START Dataset extract

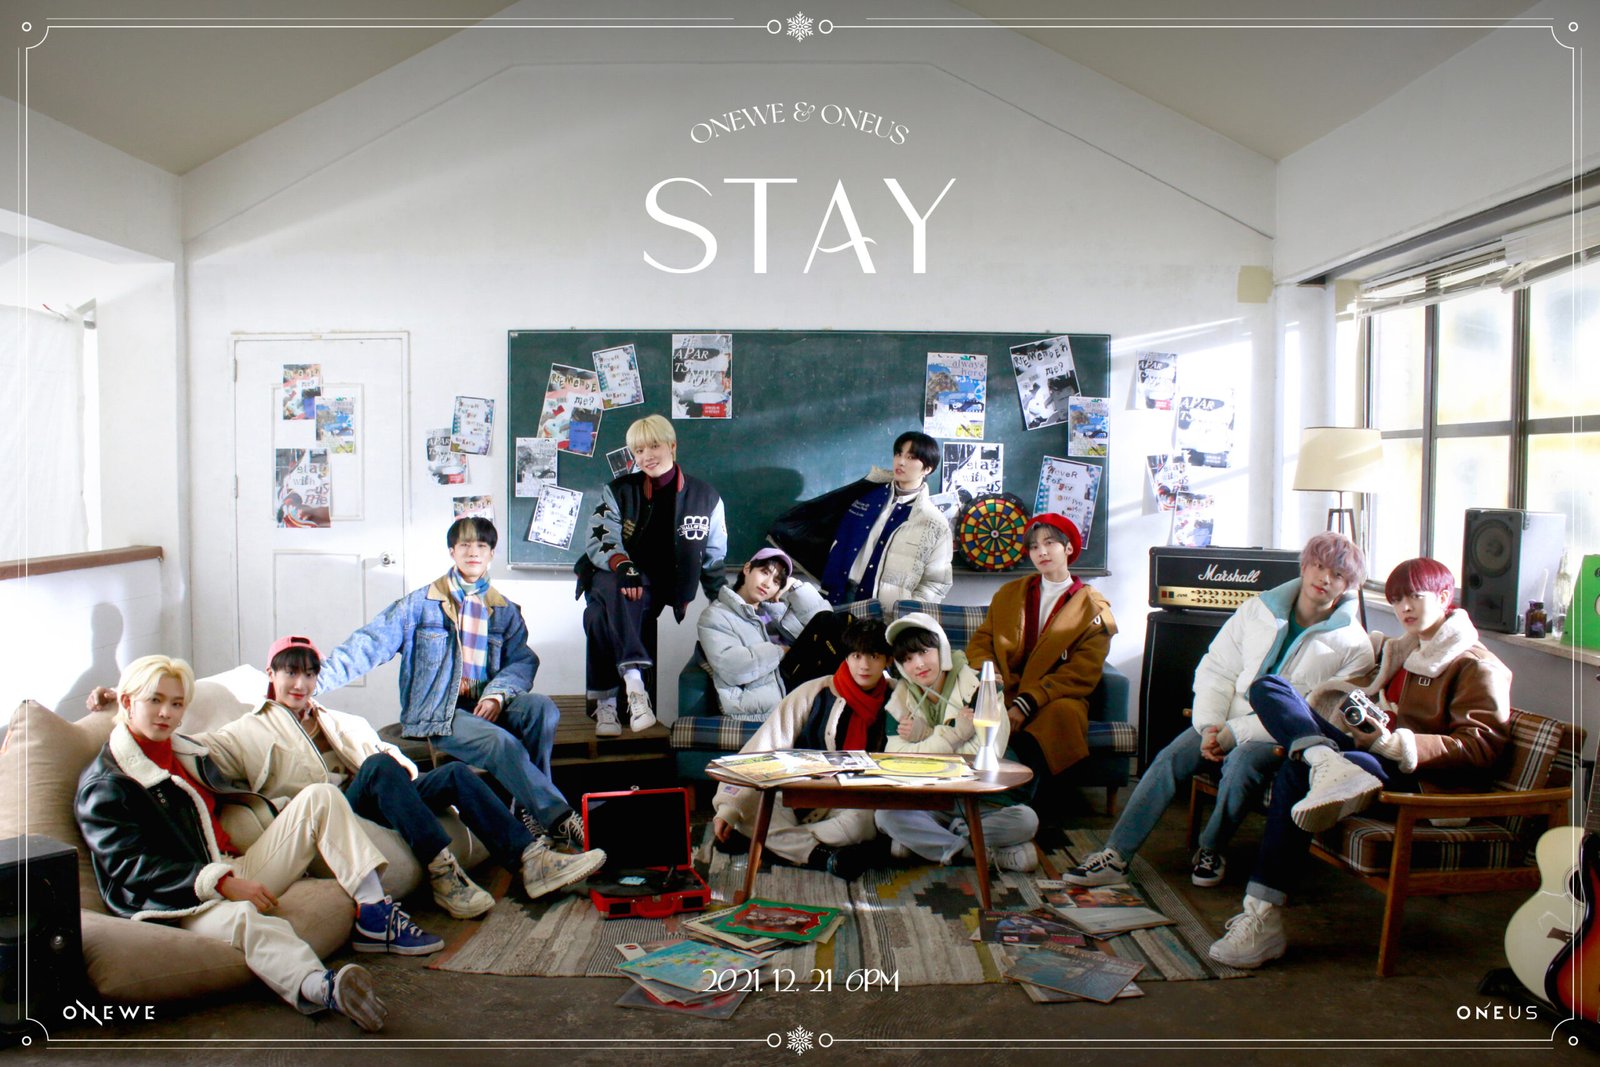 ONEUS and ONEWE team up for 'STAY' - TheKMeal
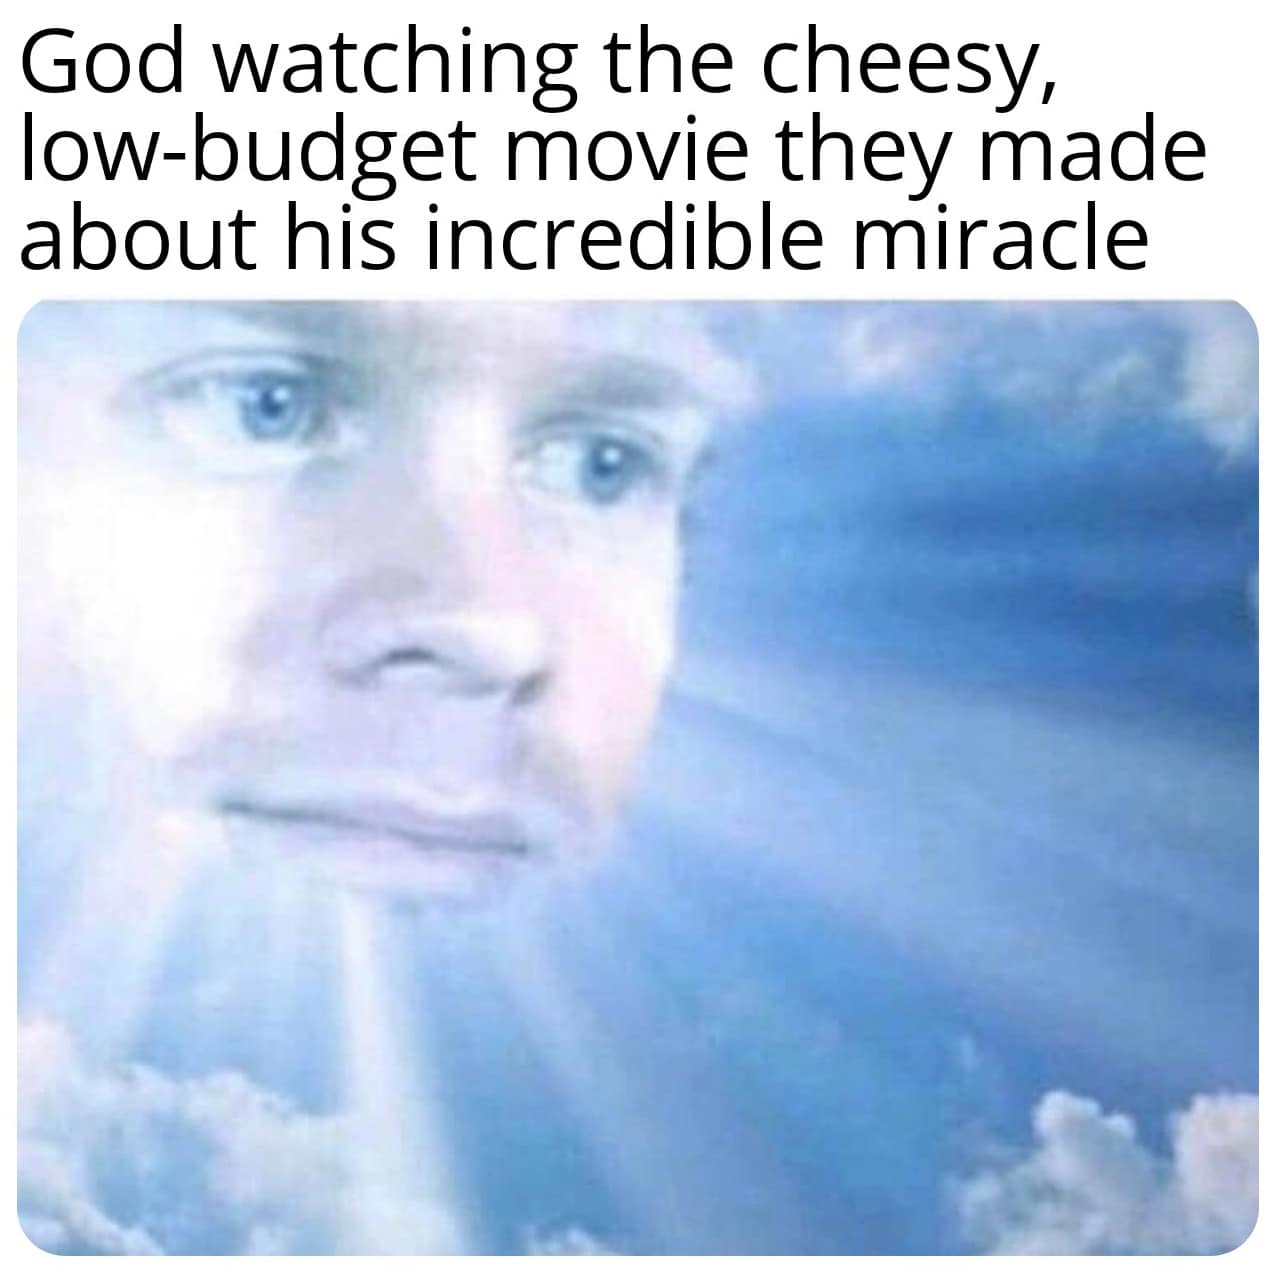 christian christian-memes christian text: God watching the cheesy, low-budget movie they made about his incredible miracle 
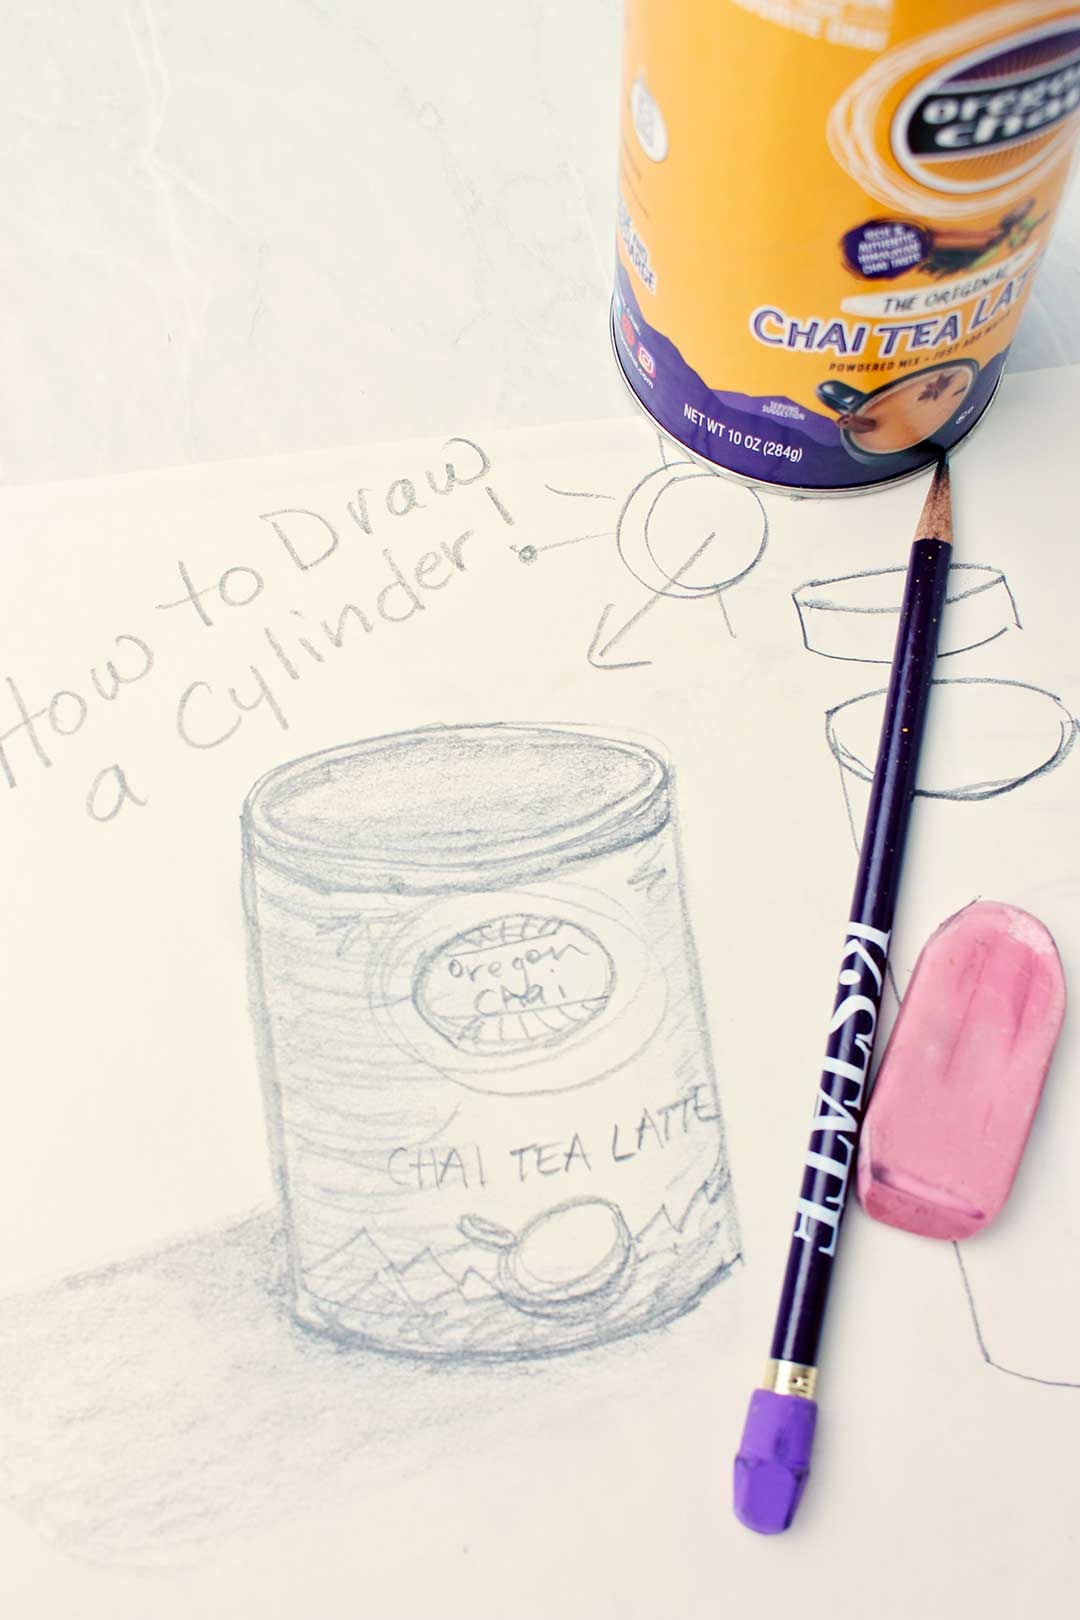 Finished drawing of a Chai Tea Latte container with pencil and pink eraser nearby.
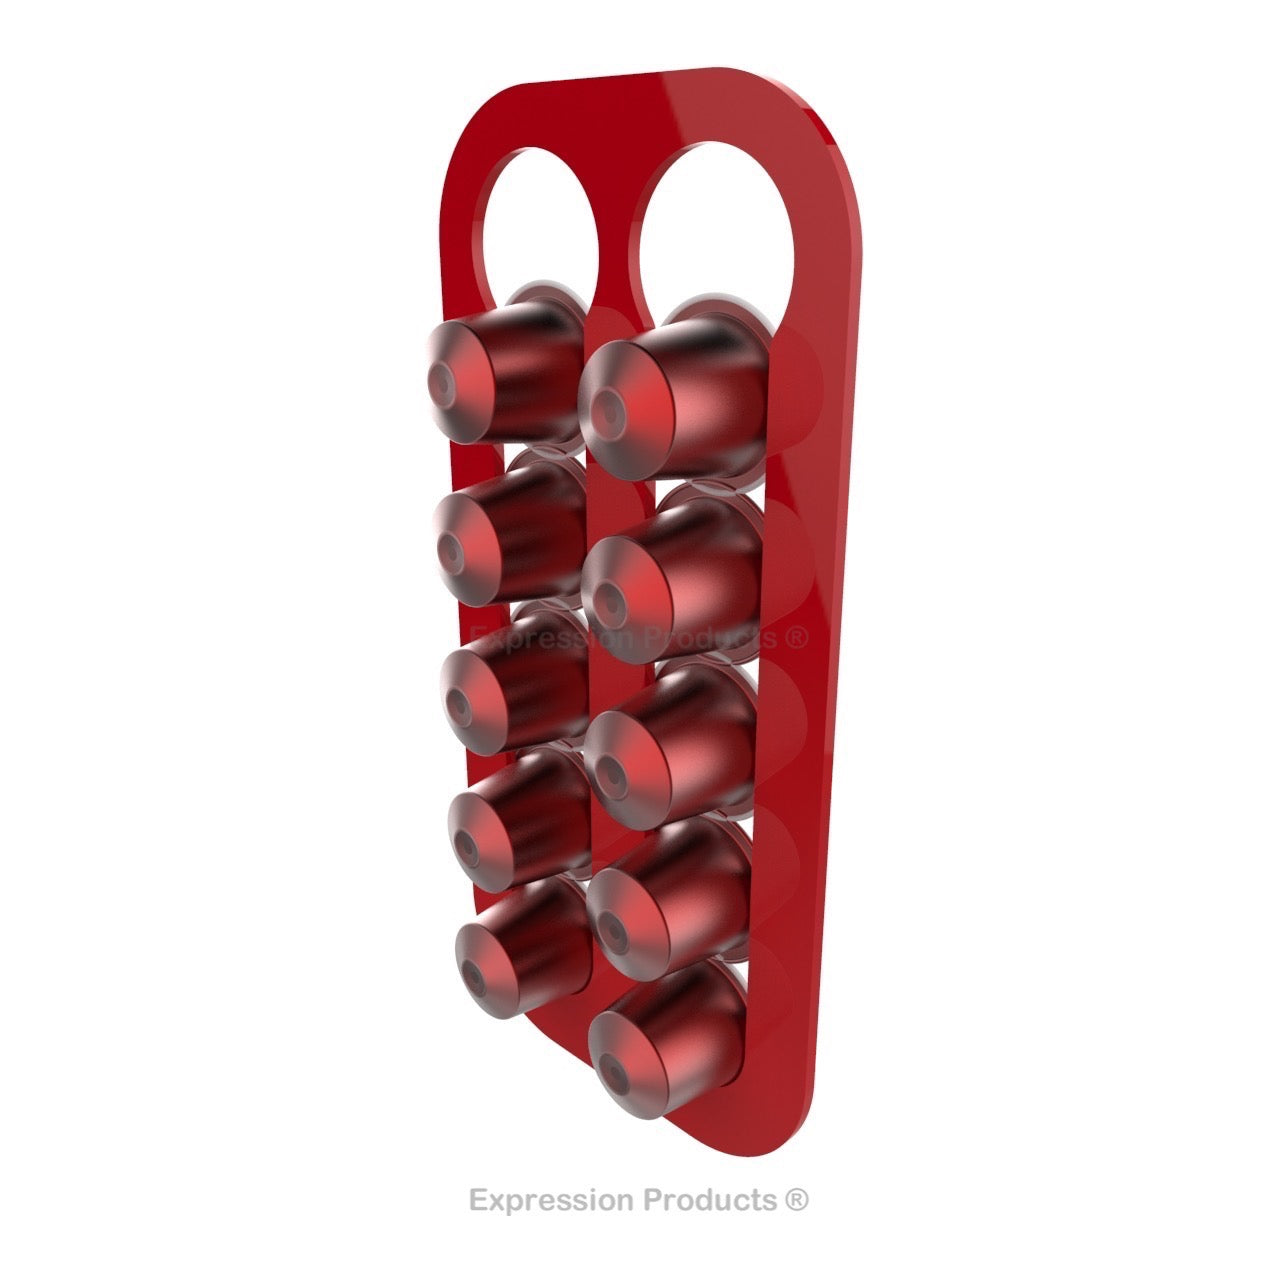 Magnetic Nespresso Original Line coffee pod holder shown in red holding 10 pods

END Dataset extract

### Exercise directions
Transcribe exactly the line that contains "christian christian-memes christian" and each line after it through the end of the listing. Leave out the pictures.

### Solved problem
 christian christian-memes christian text: God watching the cheesy, low-budget movie they made about his incredible miracle 
 Finished drawing of a Chai Tea Latte container with pencil and pink eraser nearby.
 Magnetic Nespresso Original Line coffee pod holder shown in red holding 10 pods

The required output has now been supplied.